Официант в затрапезной тужурке терпеливо пропускает гостя.
Владелец кабинета отстраненно машет: проходите, не стесняйтесь. А сам продолжает строчить, тыча пальцем в блескучий экранчик. Дорогой пуловер, черный, с бордовой полосой по краю рукава, горло захлестнуто правильным галстуком, в ленинский белый горошек. Начальник смугл, у него короткая прическа, красивая серебряная седина. Глаза непроницаемо закрыты темными очками. Сколько ему? сорок? сорок пять? за пятьдесят? не разобрать.

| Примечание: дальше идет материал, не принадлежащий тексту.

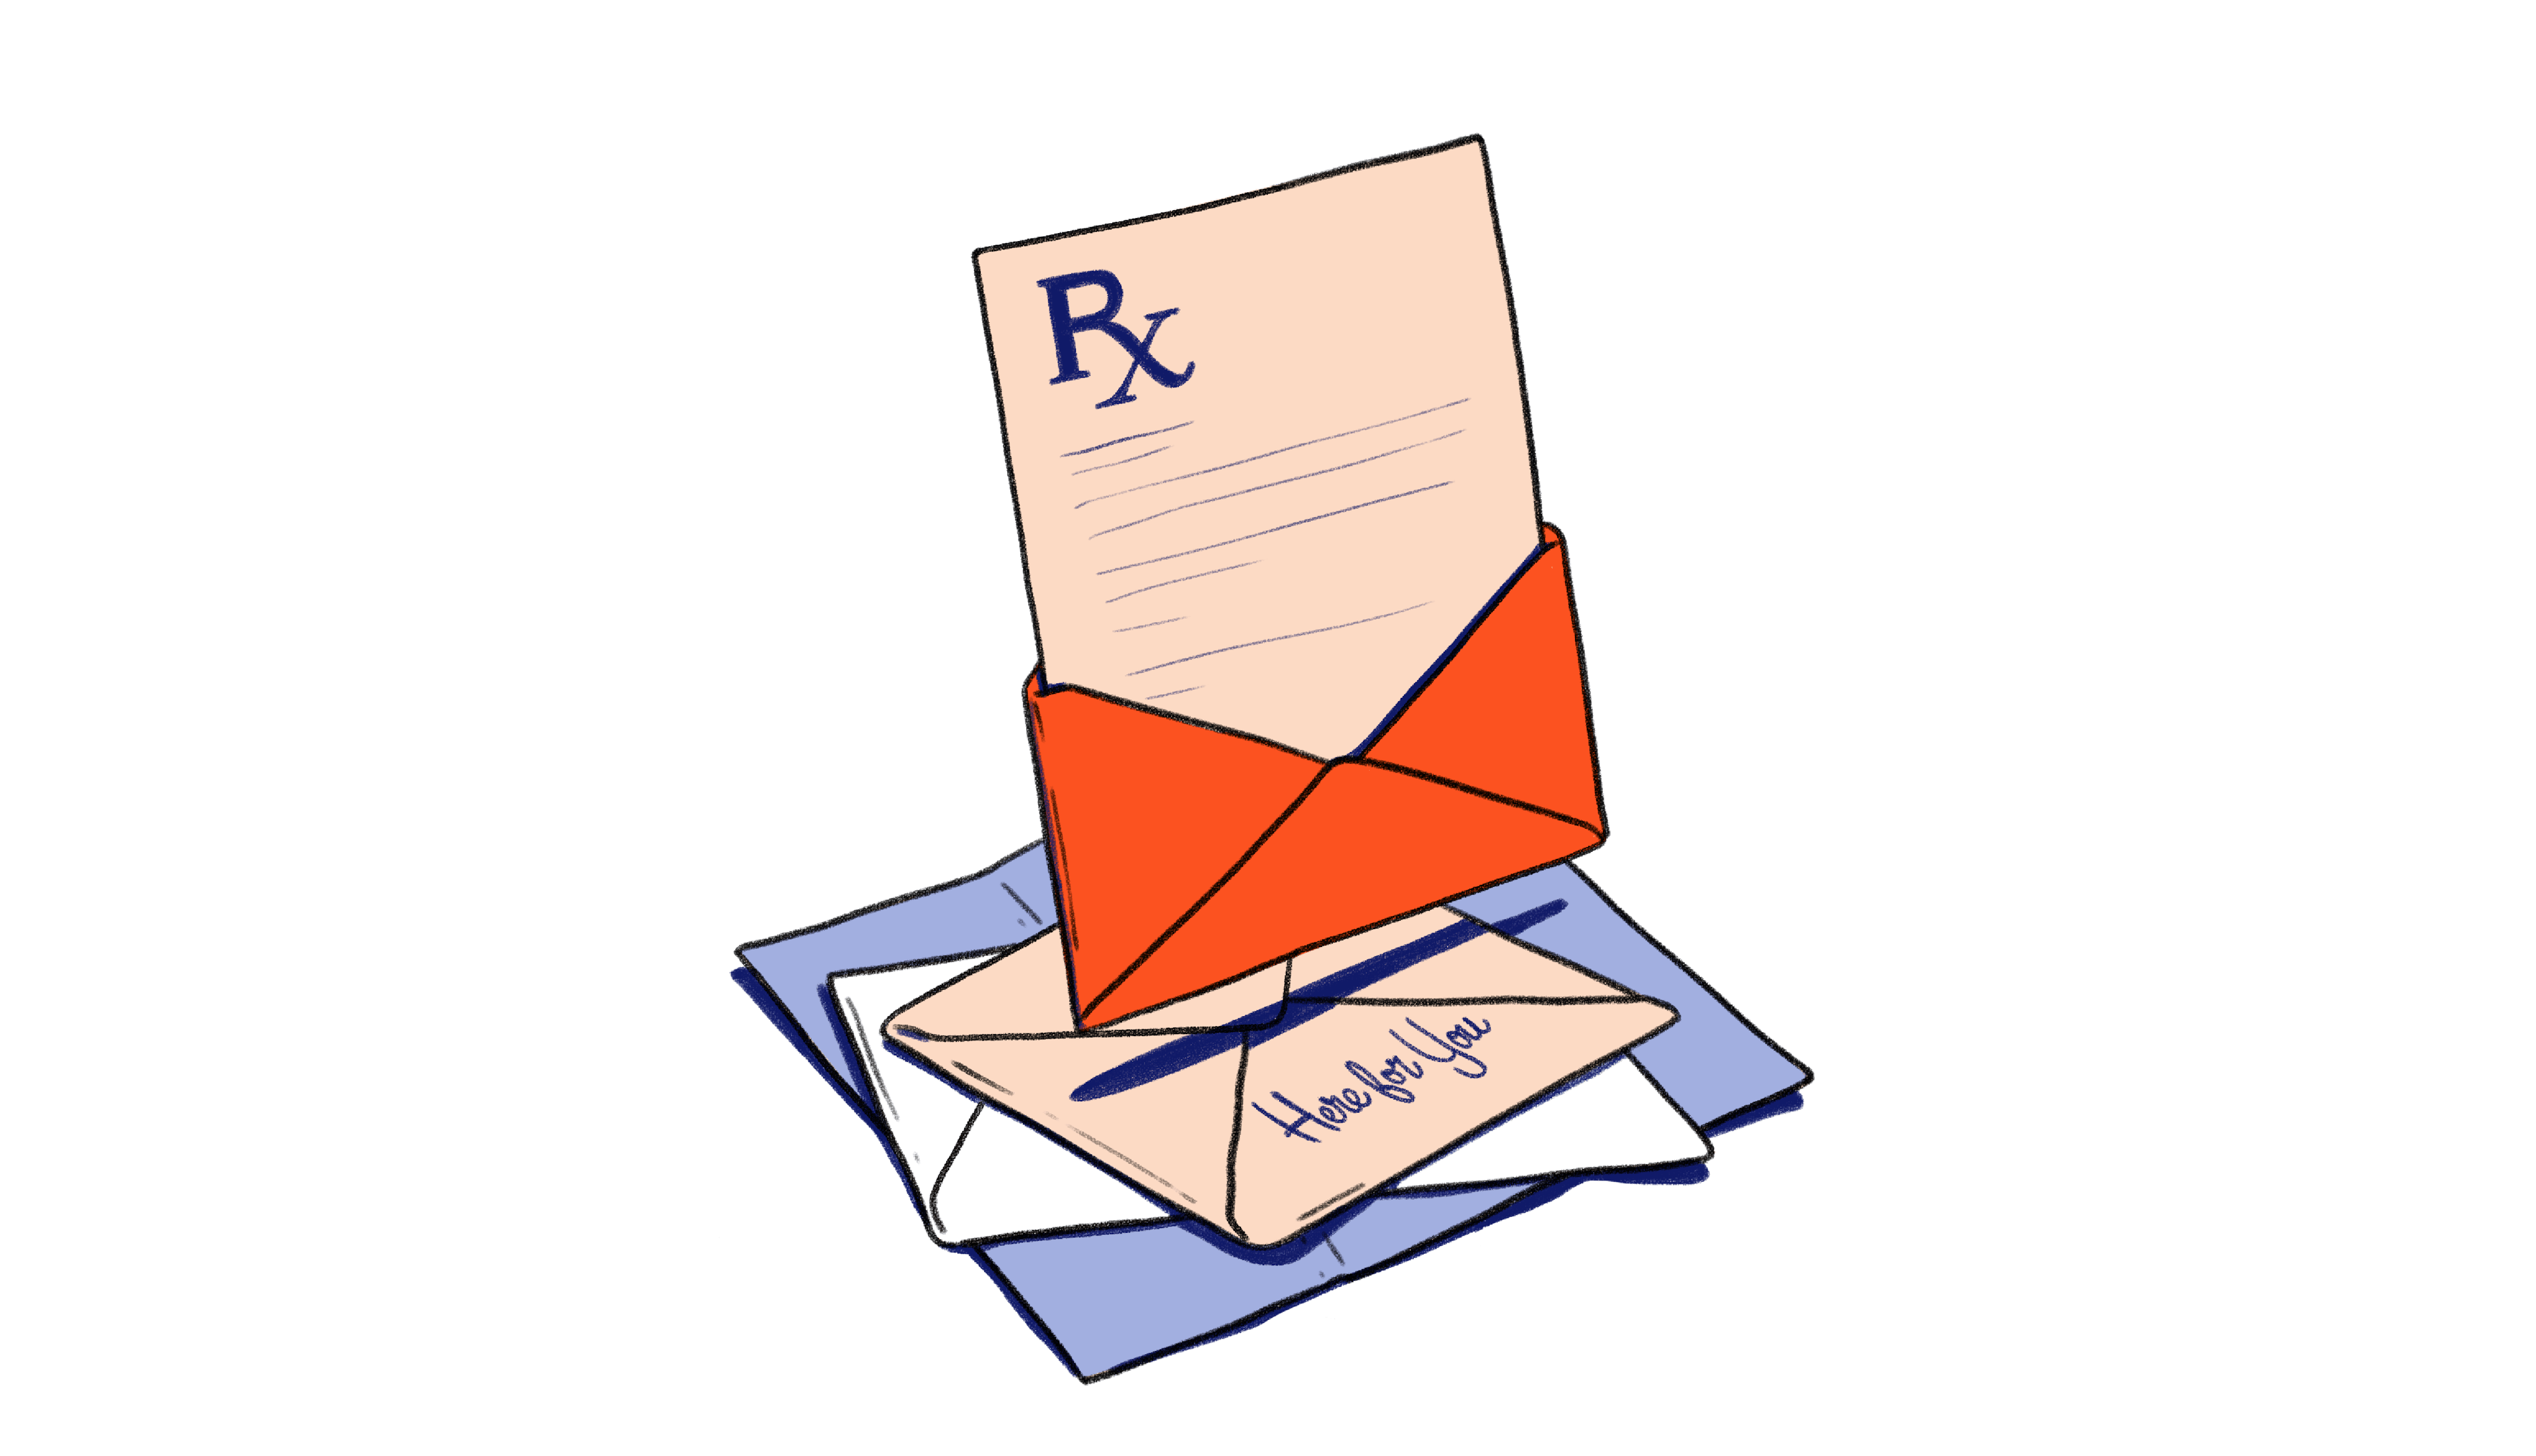 Envelopes with RX written on them

Продолжая внутренне настраиваться на разговор (так будет чересчур величественно... так — приниженно... по-стариковски... а вот, пожалуй, найден верный тон), директор вынимает из портфеля заготовленный приютинский альбом, и сканирует музейным взглядом этот безутешный кабинет. Несколько чистых столов без бумаг, стулья с тряпичными спинками, лакированные книжные шкафы... И над всей демонстративной стариной — авангардный портрет Президента. Болезненно-белый картон усеян тысячами буквиц, и сквозь них неохотно проступает лицо.